Не хотела бы кончать на злой ноте. Ты же знаешь, как я к тебе… Вот сижу и думаю: зачеркнуть, что ли, последнюю фразу? Это начало фразы? Да ведь все равно прочитаешь. И ни о чем она и не говорит, эта фраза. Ты-то как раз не знаешь и не поймешь. Вот опять… Ну ладно же. Тут и я хитрю? Мол, «знаю, что не поймешь» – а сама надеюсь? Да не надеюсь. На это моей натуры хватит. Да и ума.
Хитрю я. Понимать-то ты понимаешь. Да что толку, Алеша.
Ладно, всего тебе.
Ирина».
Я пришел на «пруд»; я не ловил на море.
Море истинно торжественно; оно не вселяет успокоения.
«Пруд» – было в самый раз; это и не пруд – это старица не старица, лиман не лиман – цепь болот, соединенных протоками и дико взятых огромными камышами; здесь рядом – глухо закинутая стройка, карьер, рядом – полусломанная, глухая (же) водонапорная башня, там – пустые и оголтелые, выморочные холмы, там – овраг, там – полынь и шары колючек; и посреди всего – неожиданная и блекло-желтая, хранимая камышами вода – вода, которая, среди грязи, мути и запустения, таит в себе странное золото – розово-золотое, чистое золото – странных карасей, которых никто не видел ни в каком ином месте. Есть и обычные – серые или чаще буро-золотые; есть и пескари, которые тут странным образом берут на хлеб, чего за ними нигде не водится; но самое странное – эти – эти.
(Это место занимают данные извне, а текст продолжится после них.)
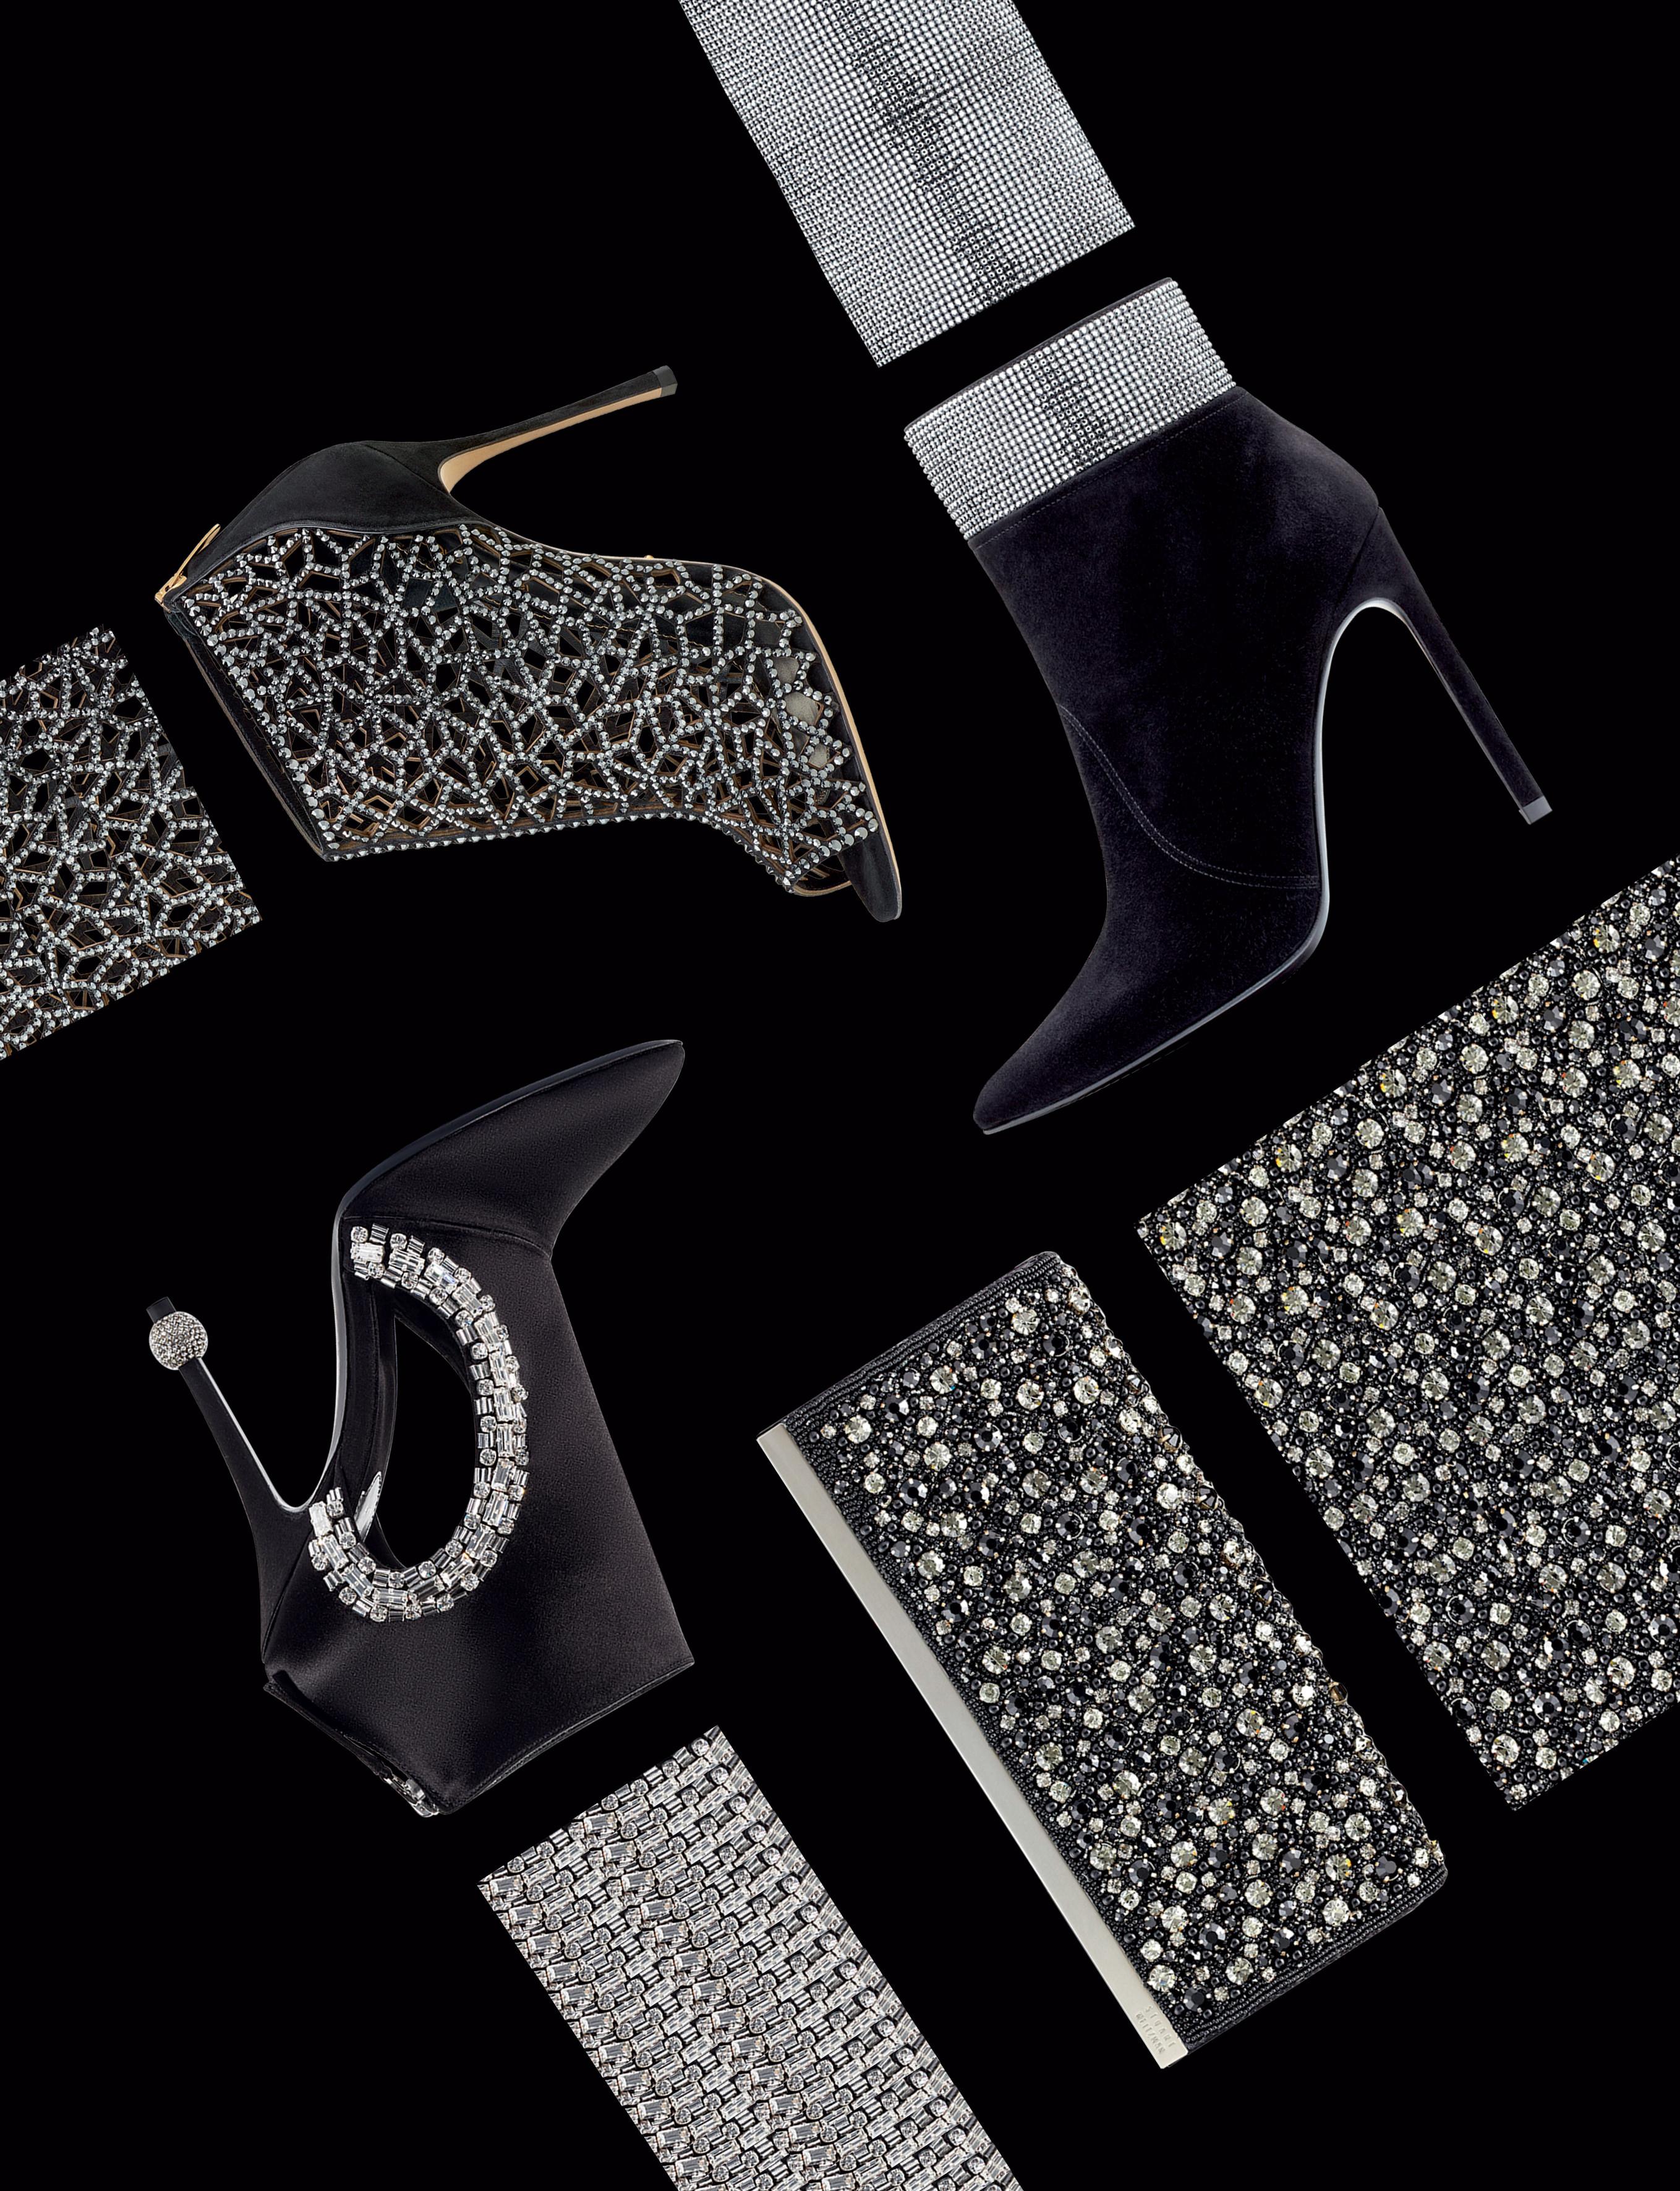 Sparkling accessories

Я подошел к берегу; была не первая заря, но и не поздно; тихо и сладостно я разматывал и налаживал снасть, я вынул из нейлонового (и тут не без нейлона) пакета хлеб, чуть смоченный постным маслом; а в пакет я напихал этой яркой болотной травы (хотя суеверно подумал, что не надо б заранее!), слегка порезав ею руки меж пальцами; я подступил к воде.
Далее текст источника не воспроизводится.